As restrições devem ser da nossa própria consciência, da nossa própria competência,
porque quem sofre com os resultados da nossa incompetência ou da nossa inação somos
nós. Devemos de ter o direito de decidir como enfrentá-los. Eu acho que essa é uma
convicção que deve estar presente no coração dos sul-americanos. Caso contrário,
estaremos reduzidos a desempenhos extremamente medíocres, que não passam pela
vontade nem dos bancos que organizaram esse encontro, nem dos senhores que vieram
aqui passar três dias conosco, aceitar.
Na verdade, os projetos que são importantes devem ser financiados. E aí os
senhores me perguntarão: “está desconhecendo as restrições de natureza fiscal e
financeira?” Não, sou macro-economista e sei que, do ponto de vista do movimento global
das economias, essas restrições são vencidas, basicamente, pelo próprio processo
dinâmico de expansão e desenvolvimento econômico. Dito de outra maneira: se nós
tivermos coragem de levar à frente nossos sonhos, eles viram realidade e constróem
novas configurações. Se ficarmos intimidados, rigorosamente iremos a uma posição mais
secundária e mais marginal, e cada vez mais as restrições nos parecerão inibidoras.
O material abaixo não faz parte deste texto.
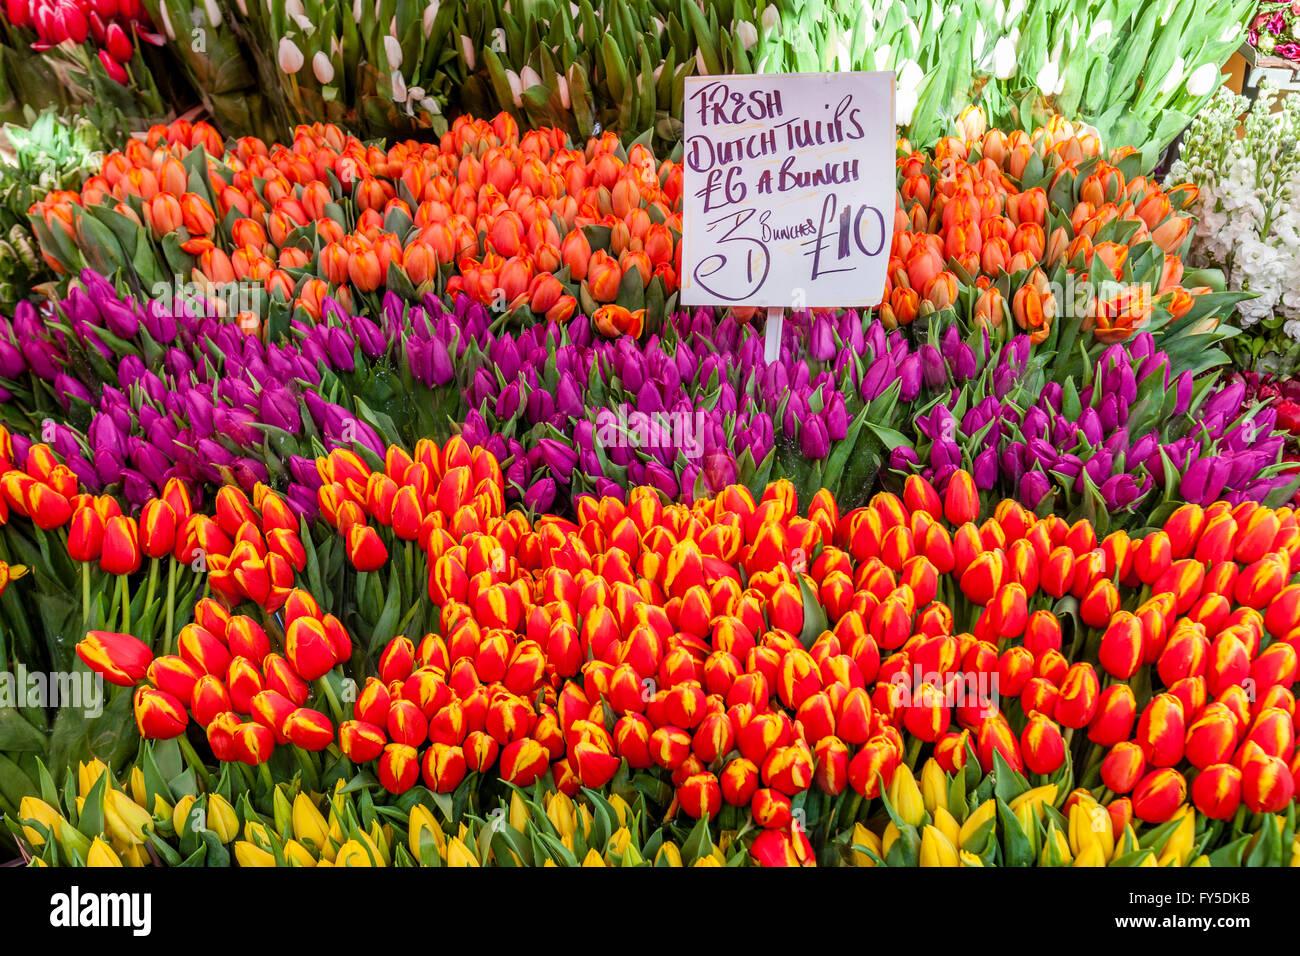 Tulipes pour vente, Columbia Road Flower Market, Tower Hamlets, London, England Photo Stock

Este seminário termina, para mim, com uma dimensão muito, muito, muito forte de
afirmação da identidade do continente sul-americano. Que, antes do fim do ano, a maior
parte desses projetos já se estejam convertendo em consultas concretas a nossos dois
bancos, para que possamos abrir caminho a eles.
Agradeço imensamente a presença e a participação dos senhores. Muito obrigado.